Barix is celebrating its 20th anniversary. Over the course of two decades, the Swiss company has grown from a control and automation upstart into a globally recognized Audio over IP firm.
In that time, Barix has shipped nearly one million devices to serve control, streaming, and transport applications for end users, OEM vendors, service providers, and systems integrators.
Current CTO Johannes G. Rietschel founded Barix in 2001 to escape the trappings of corporate operations that slowed his product development ideas, which evolved from standard legacy network components to IT-focused control products by the turn of the century.
“I had spent too much time traveling to tradeshows doing ‘research’ with little to show beyond expense reports,” he said. “My vision was to build a product that would fit the market and adapt to customer requests from there, instead of overthinking. That’s the premise on which Barix was founded.”
Barix’s roots took shape in residential automation, an area the company remains active in through partnerships with Aiphone, Crestron, and others. Rietschel soon added audio distribution to his vision, introducing products to move voice and music throughout homes. Commercial markets came calling in search of inexpensive ways to move audio and control signals over then-novel IP networks. Barix’s four core product lines were established before long, with hardware devices for voice and intercom (Annuncicom), automation and control (Barionet), and music/audio streaming (Instreamer encoders, Exstreamer decoders).

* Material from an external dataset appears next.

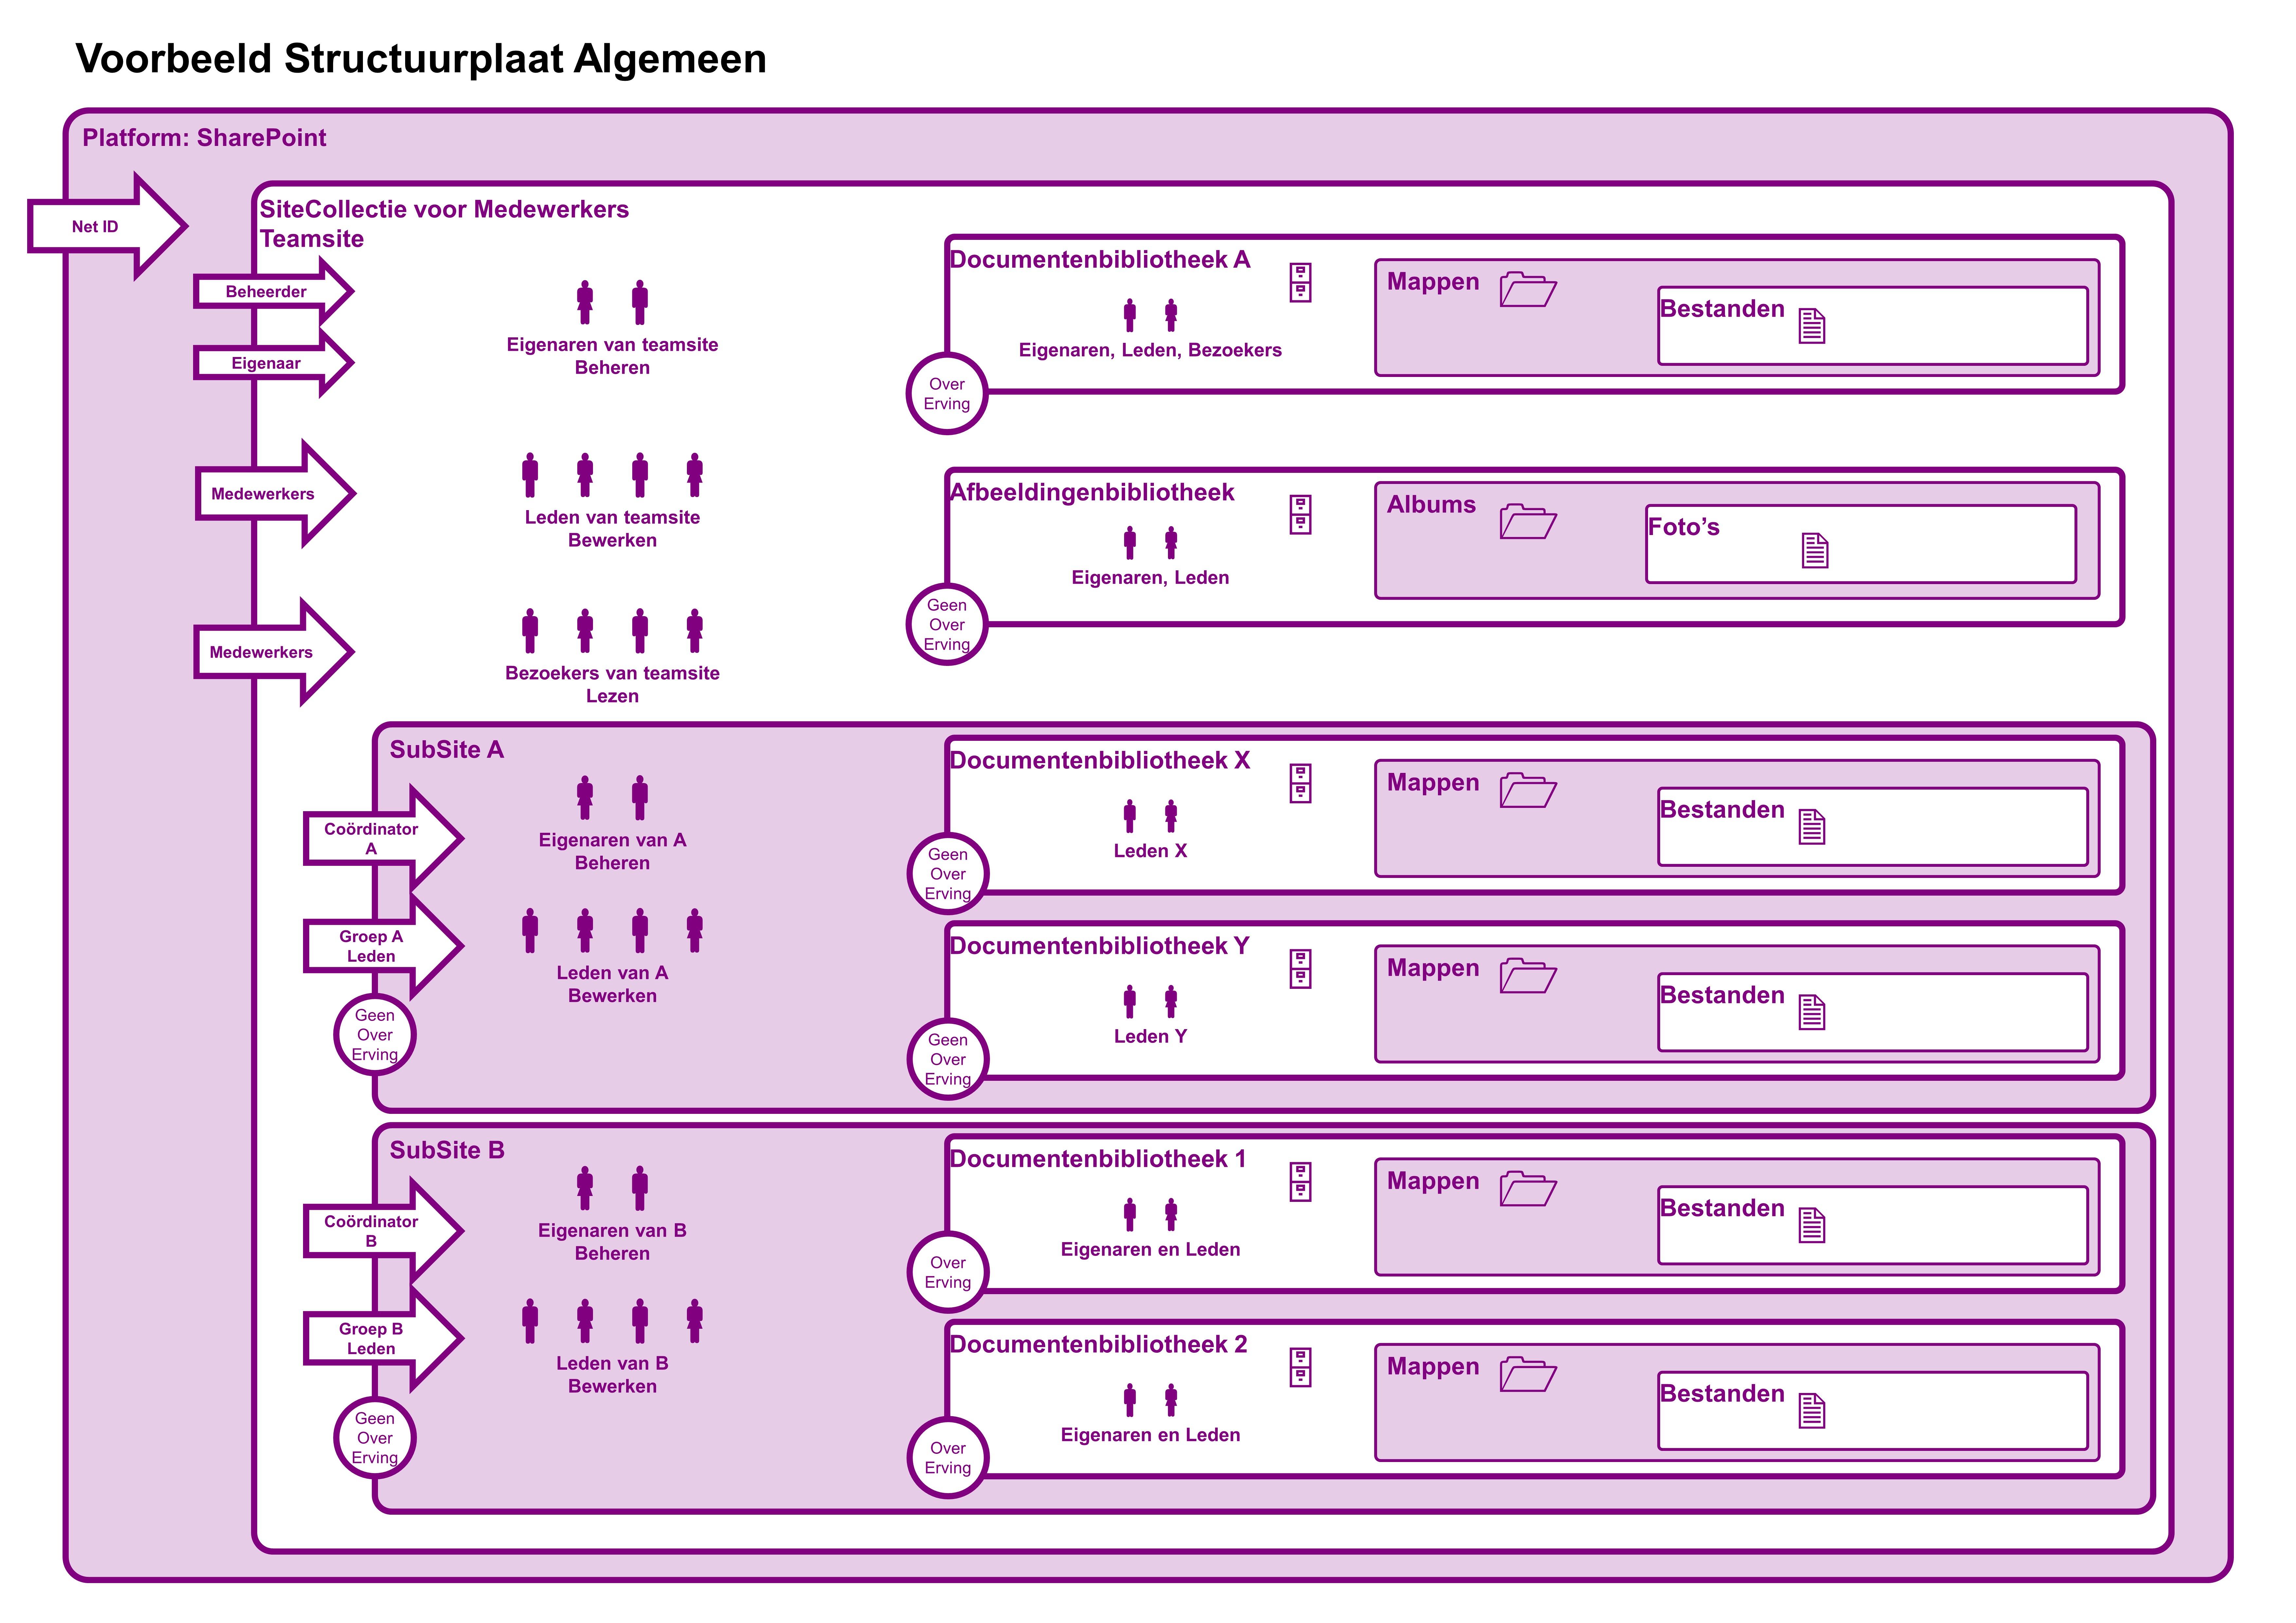 SharePoint Voorbeeld Structuurplaat voor Medewerkers Algemeen

“Our products are reliable and hold up well over years and even decades, and the more recent generations of our products will have even greater longevity through firmware updates,” Rietschel said. “While we have never been the biggest company, we remain profitable and have made it through 20 years and challenging business environments without ever laying off employees.”
“The loyalty of our customers and our embrace of open standards and creative, programmable IP solutions have been at the foundation of our success to date,” he concluded. “We can now look forward to the next 20 years and beyond.”